One need is for Chinese firms to distinguish themselves from others.

Lu Liming, director of the project department at the China Association of Health Promotion and Education, said that while China "has many brands of medicines, it does not have a 'brand' for its medical service."

"The year presents both a challenge and an opportunity to China's outsourcing economy," Qu said.

He said while outsourcing enterprises that serve mainly Japanese customers experienced difficulties because of the devaluation of Japanese currency, US-oriented outsourcing companies face tough competition from their Indian counterparts.

"A large difference between India's and China's outsourcing companies is the target of their products," Qu said, citing a recent survey he did showing that Indian companies' products target mainly high-end customers.

That shows that the challenge of switching from making products to offering services is crucial for the vitality of Chinese outsourcing companies, Qu said.

At the same time, businesses in all fields have been transformed by the importance of having a digital strategy. That has made the CIO, or chief information officer, a key leader.

"The strength of IT outsourcing has made CIOs responsible for a wide array of business functions surrounding services like finance," said Mike Lafford, executive partner of Gartner, a leading information technology research and consulting company.

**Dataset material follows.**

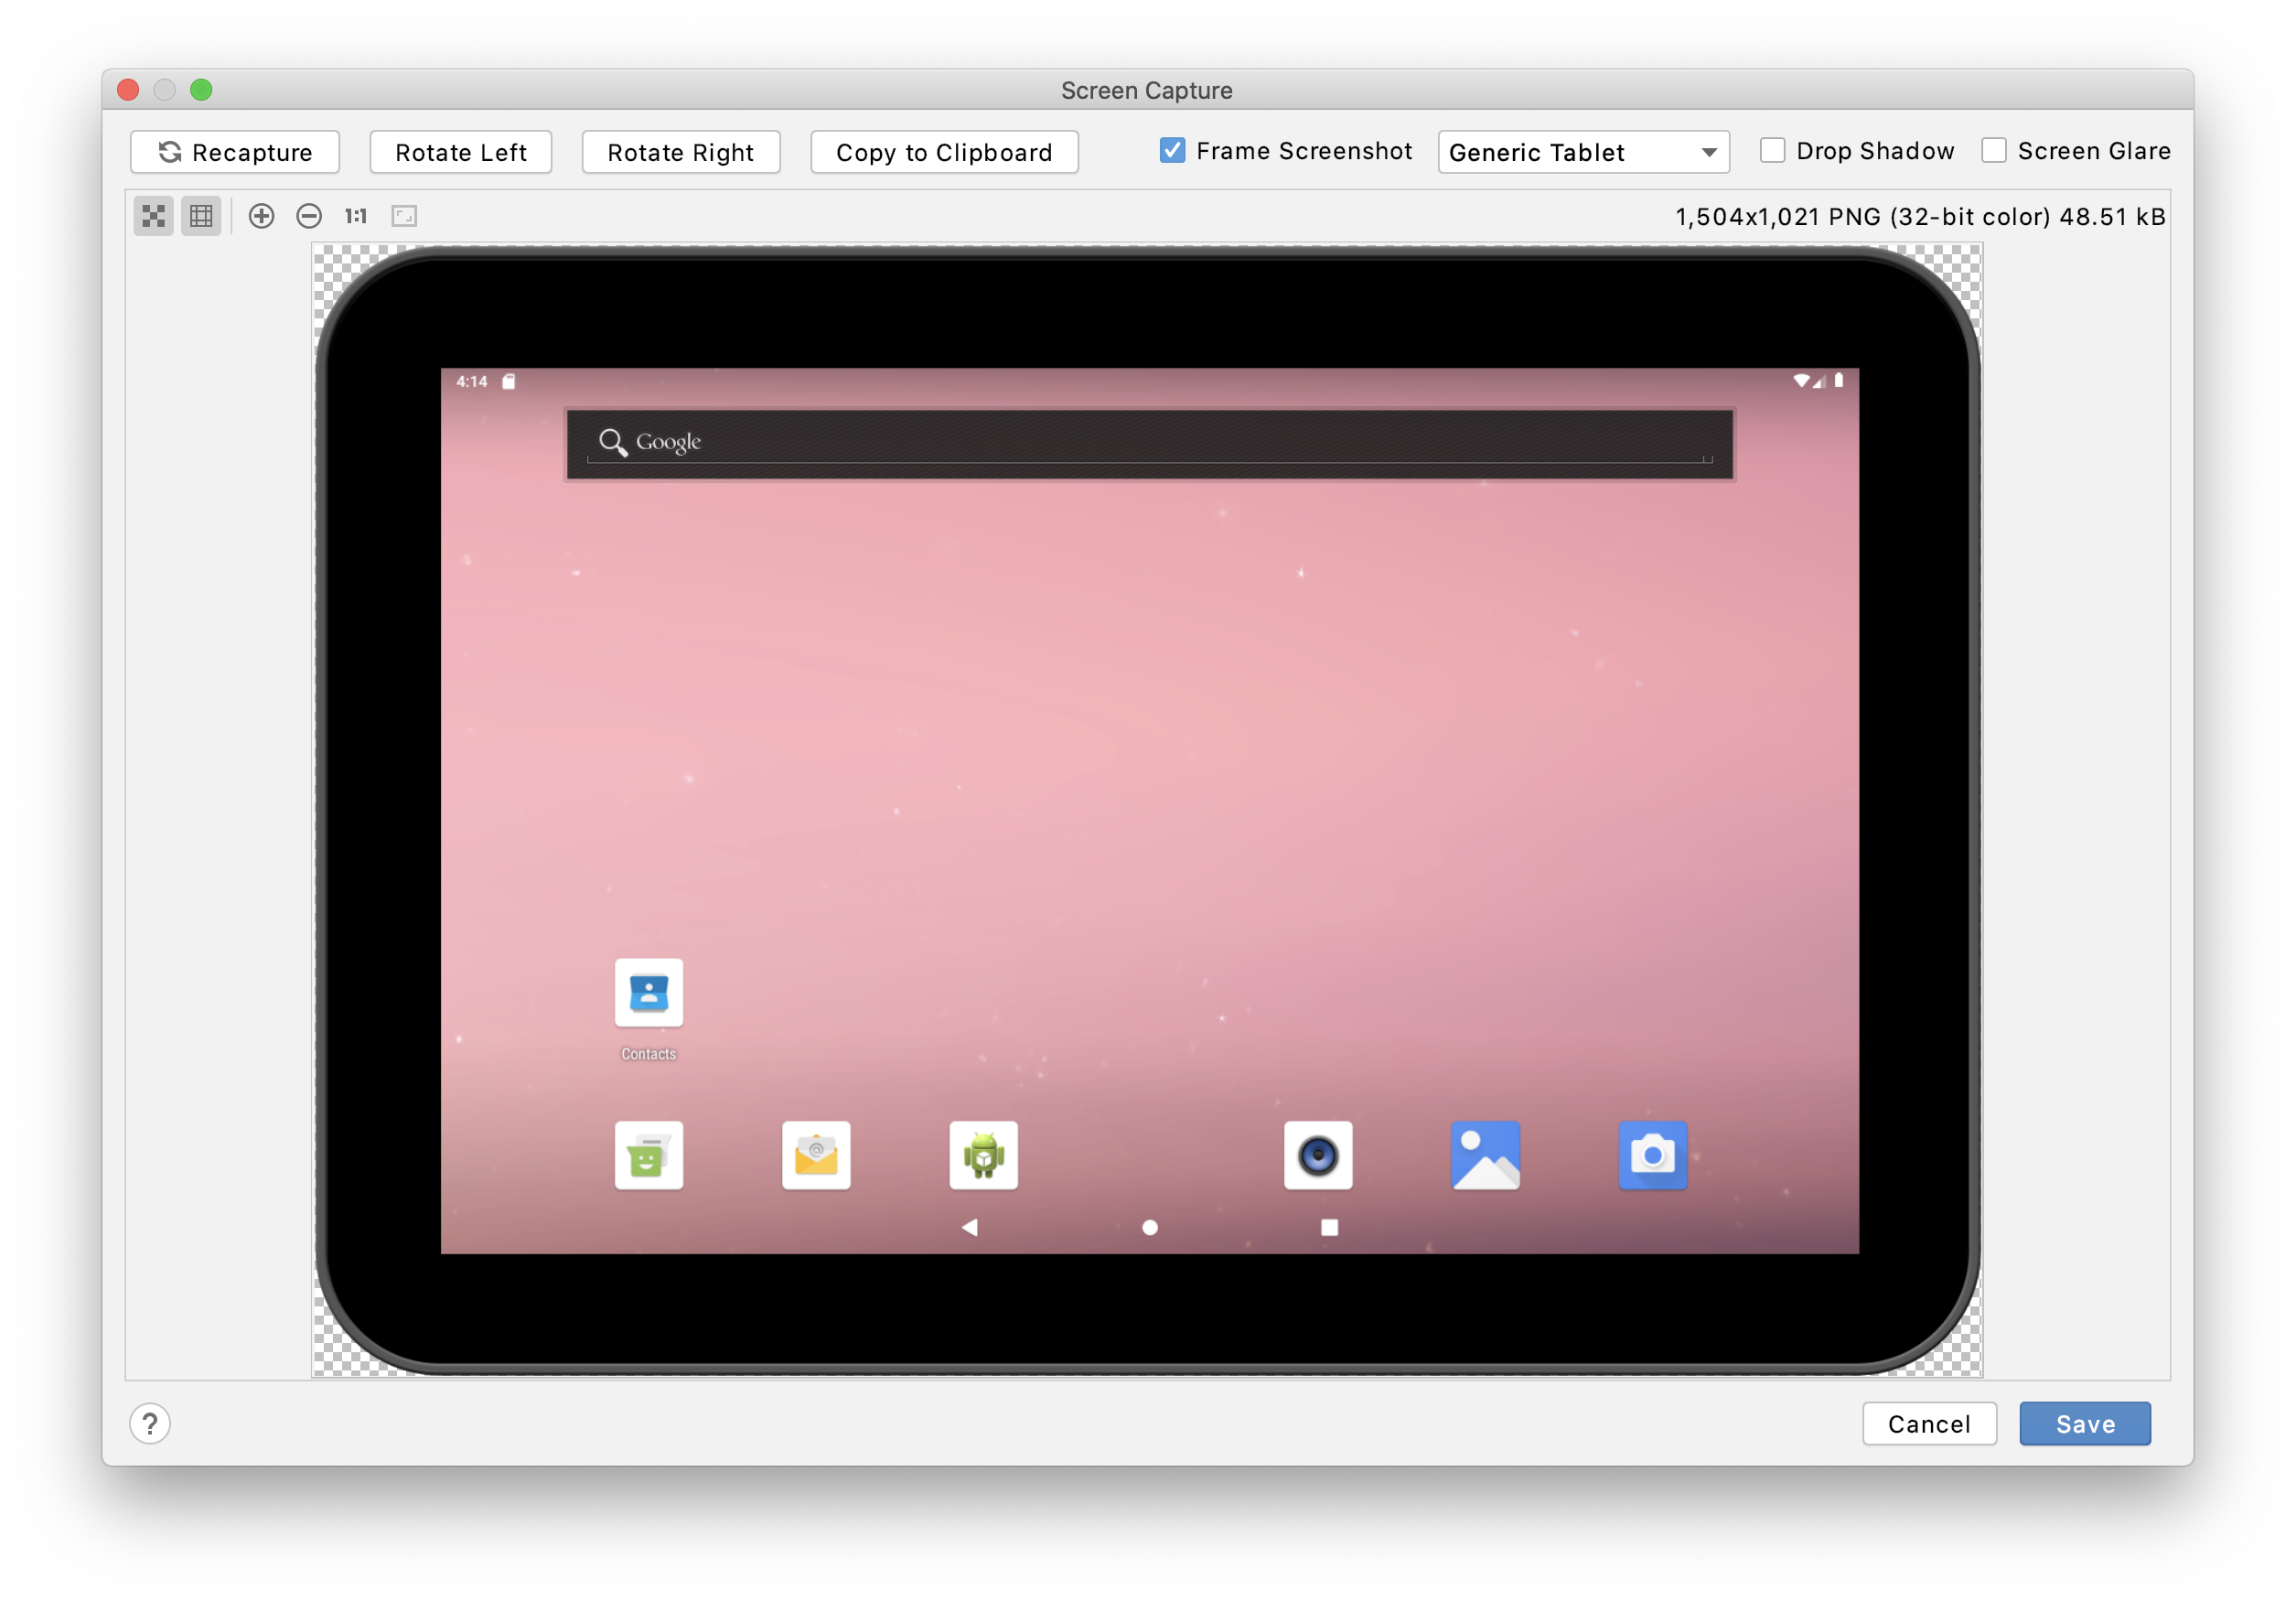 android studio in macbook

This is the fourth year Hangzhou has hosted the summit. The city employs 260,000 in outsourcing, and the value of outsourcing contracts signed in the city has risen from US$1.13 billion in 2010 to over US$4.3 billion last year.

The summit featured a competition of college student outsourcing applications, with 159 teams from colleges and universities from around Zhejiang Province showing off their projects, which involved such services as online shopping, social networking and helping people get a taxi or calculate a route.

The event was co-sponsored by the country's ministries of Commerce, Education, Science and Technology, and Industry and Information Technology, as well as the Zhejiang government.